Lebanon has no plans to have normal relations with Israel at the present time, and Beirut’s main aim is to reach a “state of no war” with its southern neighbor, the country’s president said Friday.

President Joseph Aoun’s comments came as the Trump administration is trying to expand the Abraham Accords signed in 2020 in which Israel signed historic pacts with United Arab Emirates and Bahrain.

In May, Syrian President Ahmed al-Sharaa said during a visit to France that his country is holding indirect talks with Israel to prevent military activities along their border from going out of control. Talks about peace between Israel and Syria have increased following the ouster of President Bashar al-Assad from power in December.

Aoun added in comments released by his office that only the Lebanese state will have weapons in the future, and the decision on whether Lebanon would go to war or not would be for the Lebanese government.

Aoun’s comments were an apparent reference to the armed Hezbollah group that fought a 14-month war with Israel, during which it suffered major blows including the killing of some of its top political and military commanders.

Hezbollah says it has ended its armed presence near the border with Israel, but is refusing to disarm in the rest of Lebanon before Israel withdraws from five overlooking border points and ends its almost daily airstrikes on Lebanon.
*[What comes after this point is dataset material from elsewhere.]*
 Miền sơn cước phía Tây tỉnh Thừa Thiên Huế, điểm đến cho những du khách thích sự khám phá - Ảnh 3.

Earlier this week, US envoy Tom Barrack met with Lebanese leaders in Beirut, saying he was satisfied with the Lebanese government’s response to a proposal to disarm Hezbollah.

Hezbollah’s weapons have been one of the principal sticking points since Israel withdrew from southern Lebanon in 2000. Since then, Hezbollah fought two wars with Israel, one in 2006, and the other starting a day after the Hamas-led attack on southern Israel on Oct. 7, 2023, which triggered the war in Gaza.
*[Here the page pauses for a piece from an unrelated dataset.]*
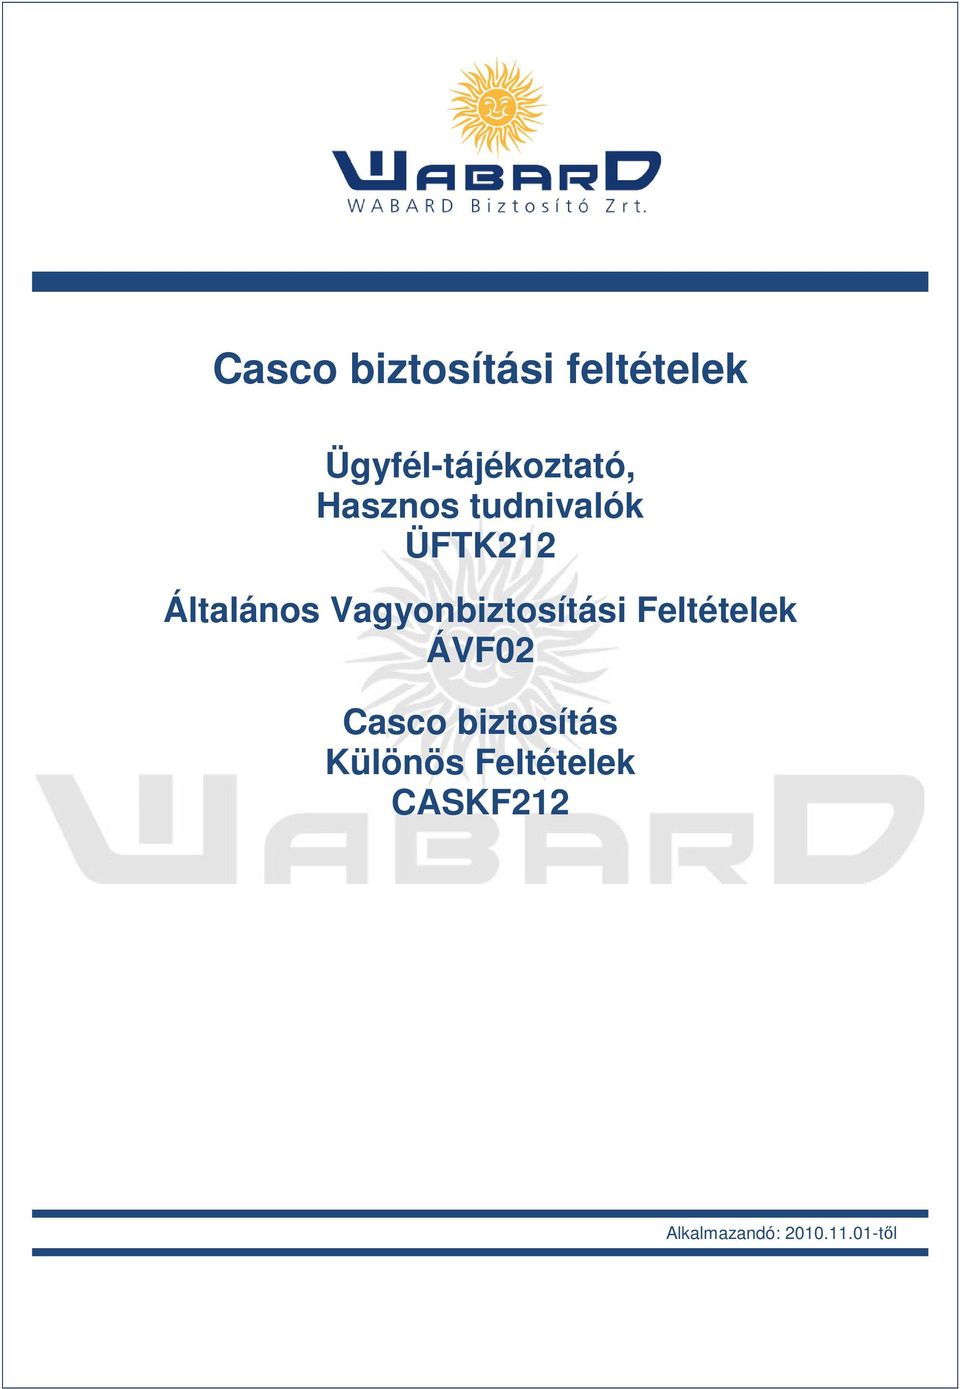 Casco biztosítási feltételek - PDF Ingyenes letöltés

The Hezbollah-Israel war, which ended with a US-brokered ceasefire in November, left more than 4,000 people dead in Lebanon and caused destruction estimated at $11 billion. In Israel, 127 people, including 80 soldiers, were killed during the war.

“Peace is the state of no war and this is what is important for us in Lebanon at the present time,” Aoun was quoted as telling visitors on Friday. He added that “the matter of normalization (with Israel) is not included in Lebanon’s current foreign policy.”

Lebanon and Israel have been at a state of war since 1948.